━━━ SOURCE MATERIAL ━━━
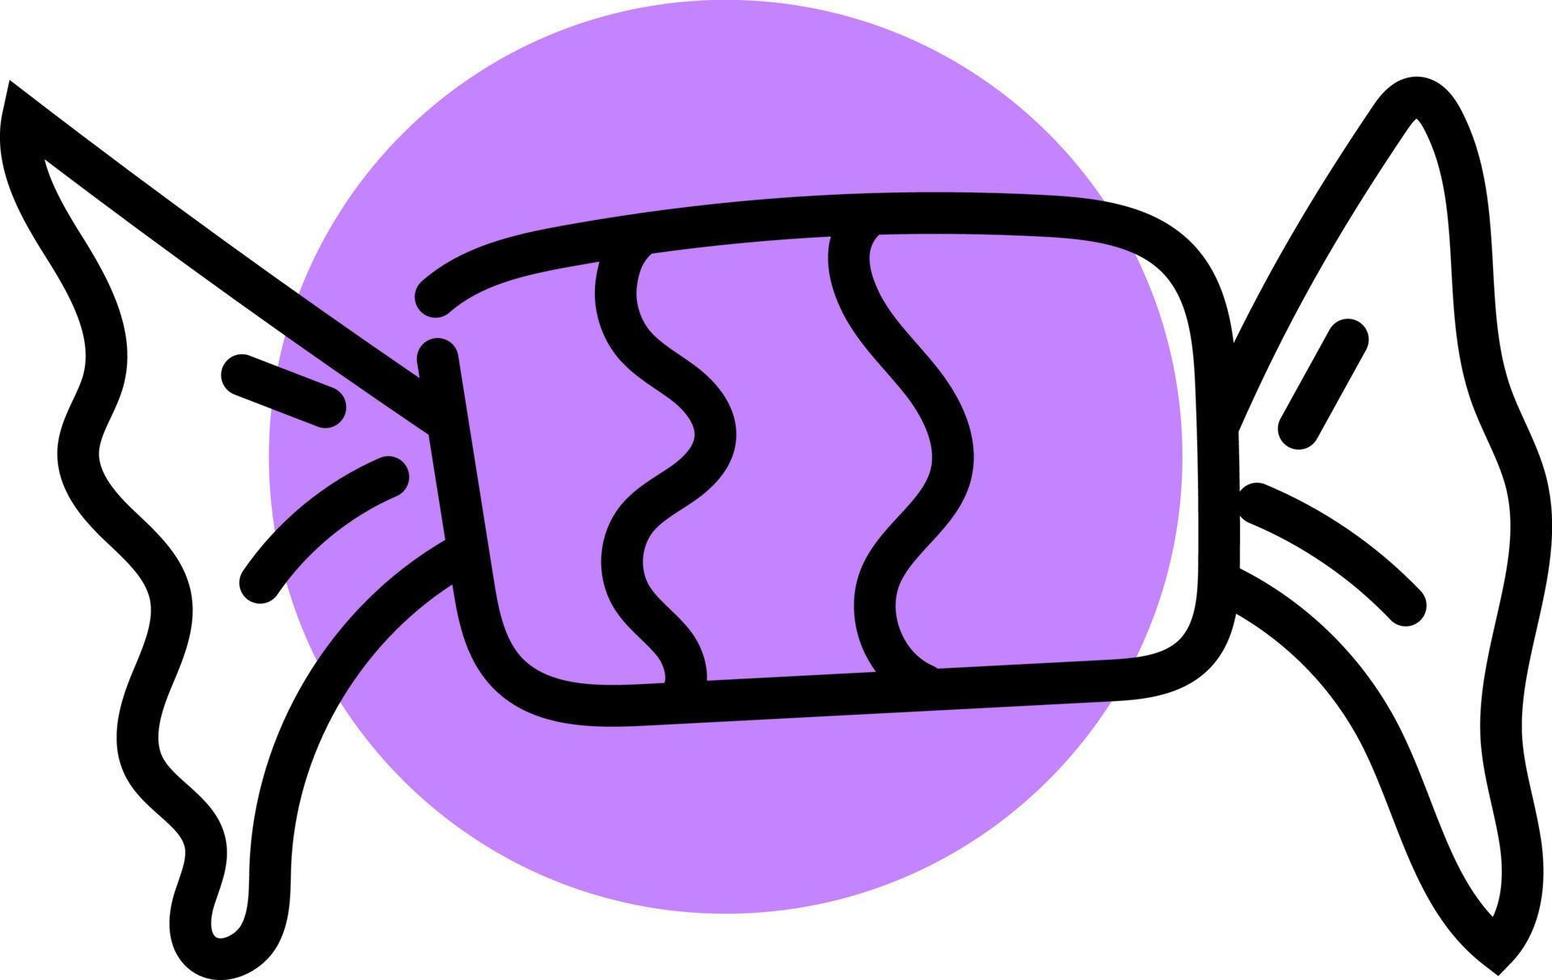 Bonbons au caramel violet, illustration, vecteur sur fond blanc
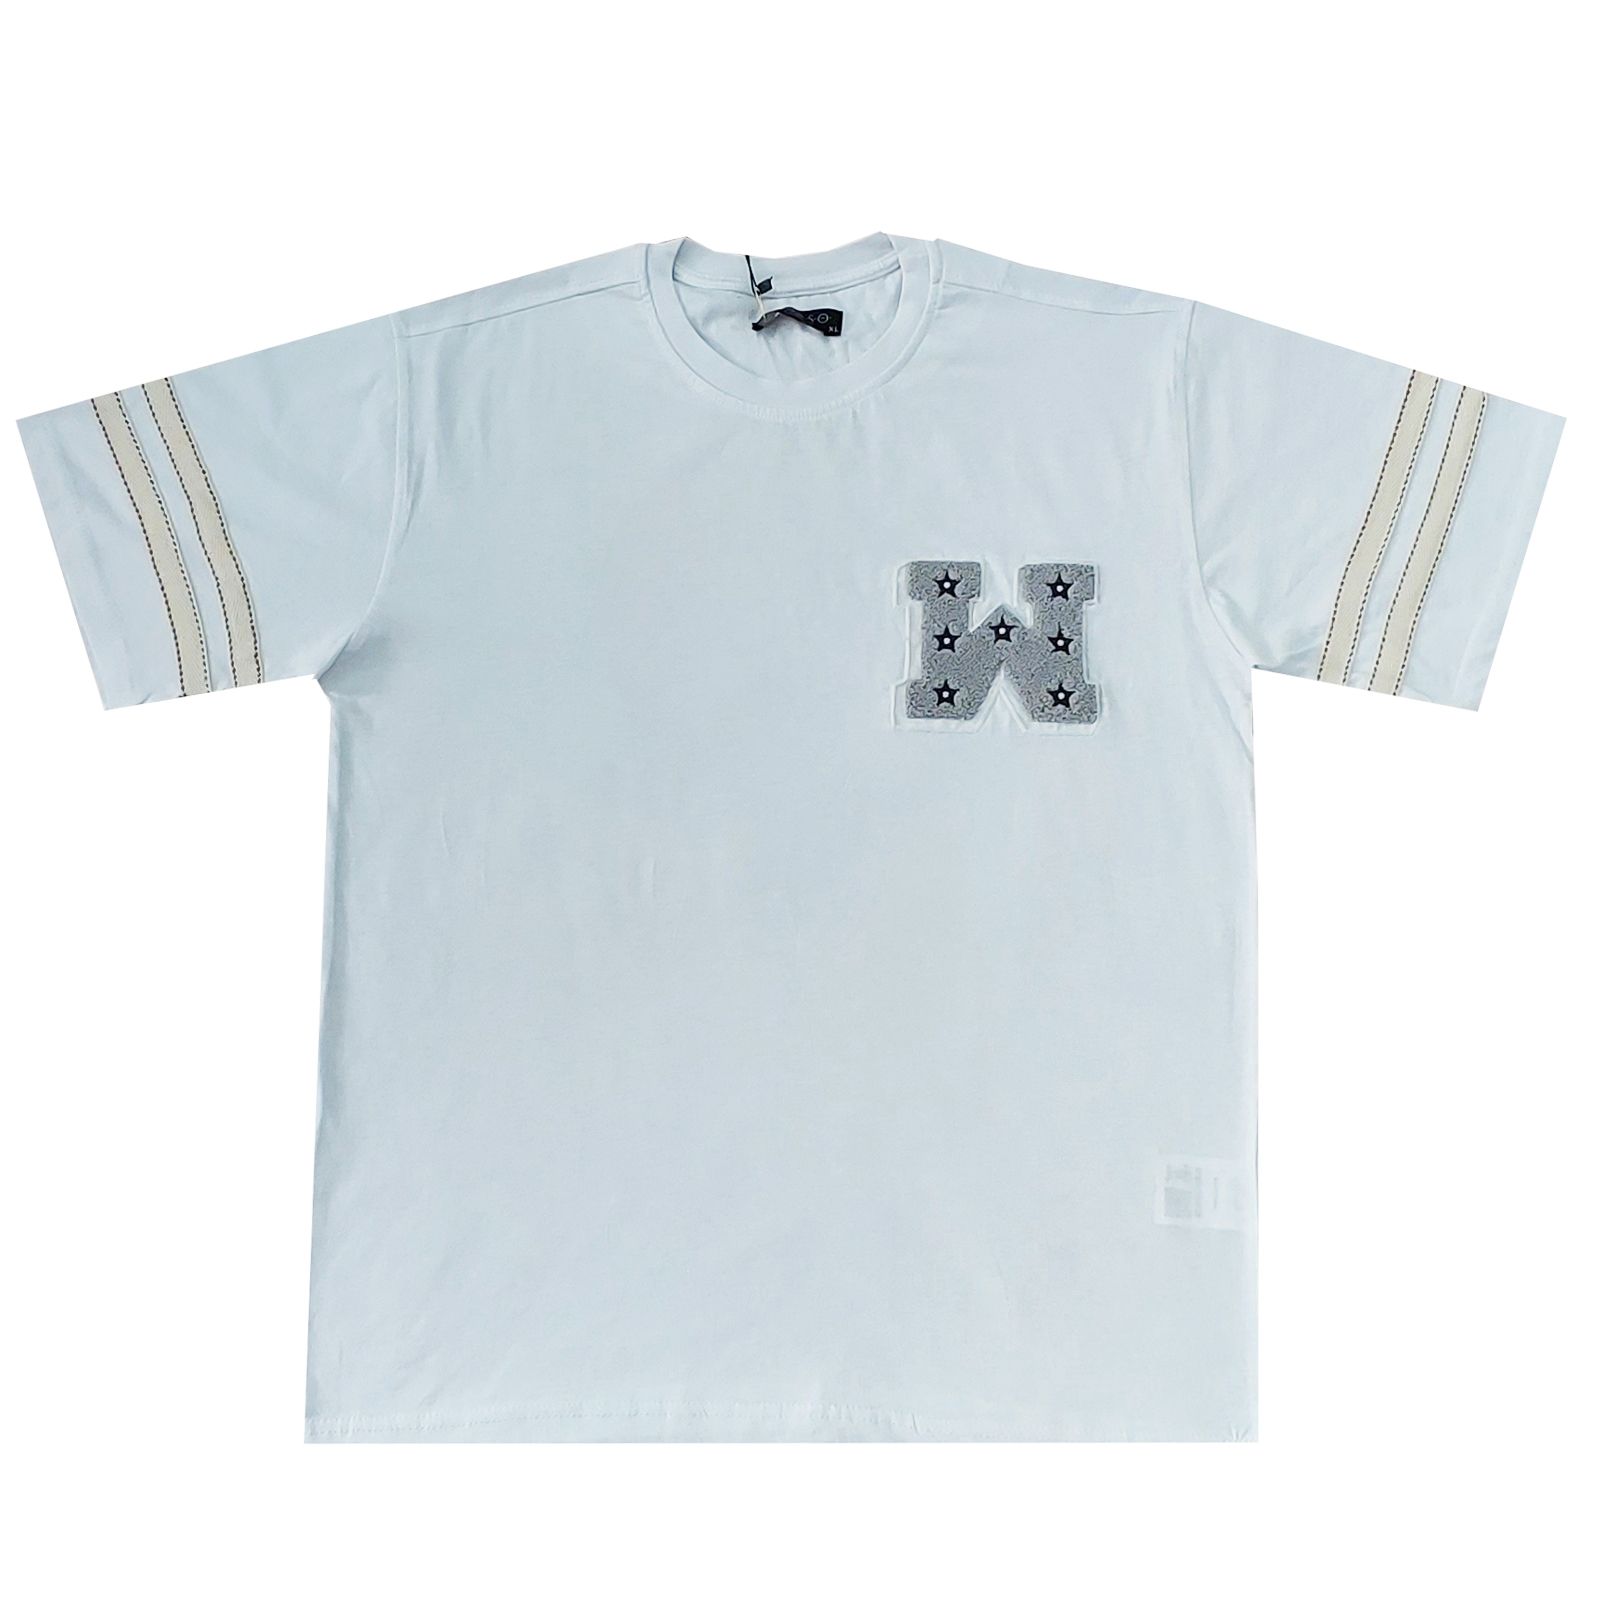 تی شرت آستین کوتاه مردانه مدل ROSSO کد abm2 -  - 1
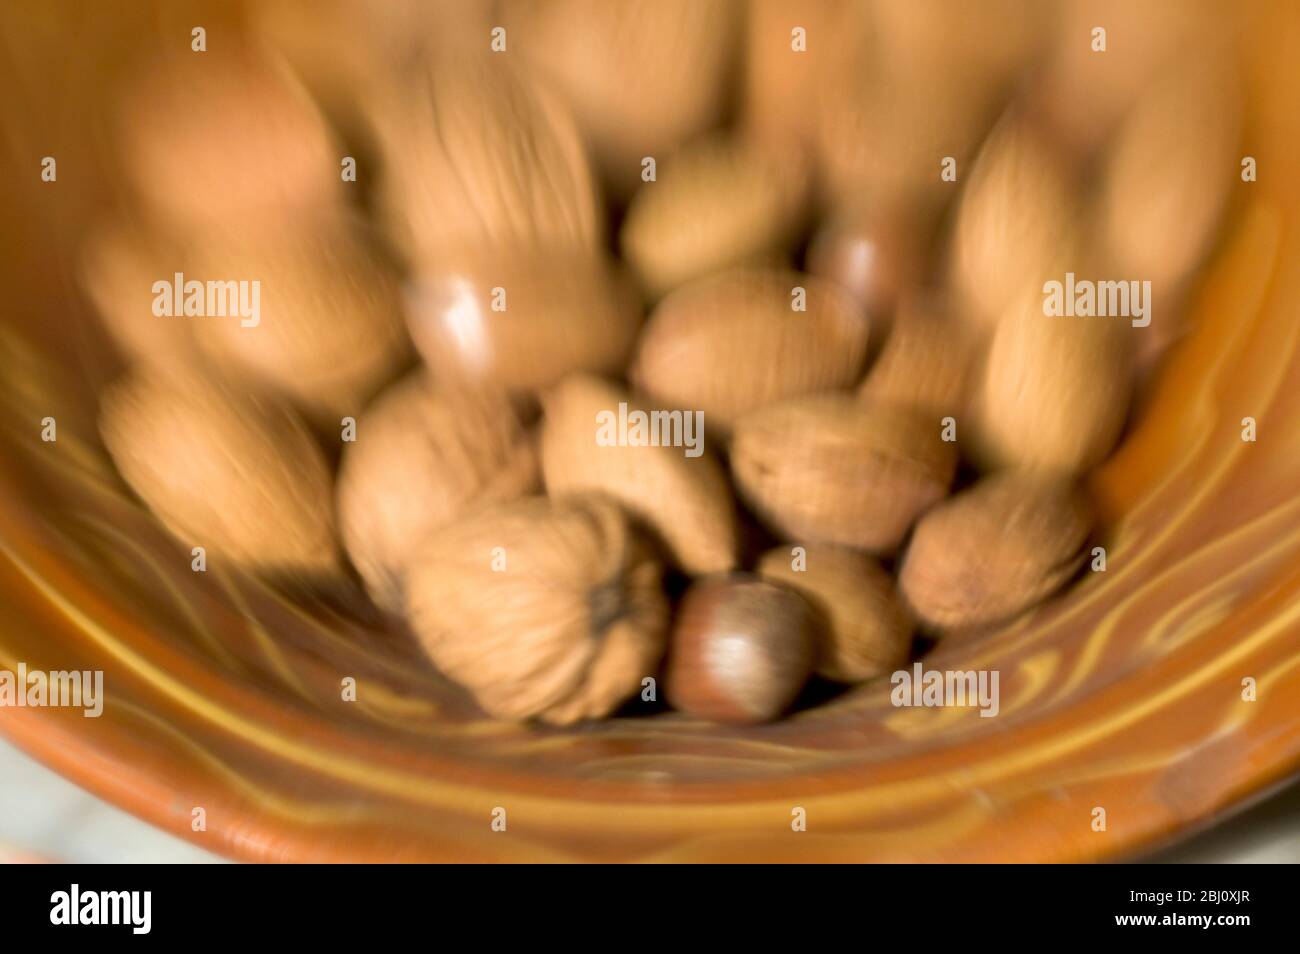 Cuenco cerámico de barro marrón de frutos secos mezclados en sus conchas. Grabado con lente de lensbabies - Foto de stock
━━━
TASK INSTRUCTIONS
The data shown above must be printed again exactly, with no images included.

EXERCISE ANSWER
 Bonbons au caramel violet, illustration, vecteur sur fond blanc
 تی شرت آستین کوتاه مردانه مدل ROSSO کد abm2 -  - 1
 Cuenco cerámico de barro marrón de frutos secos mezclados en sus conchas. Grabado con lente de lensbabies - Foto de stock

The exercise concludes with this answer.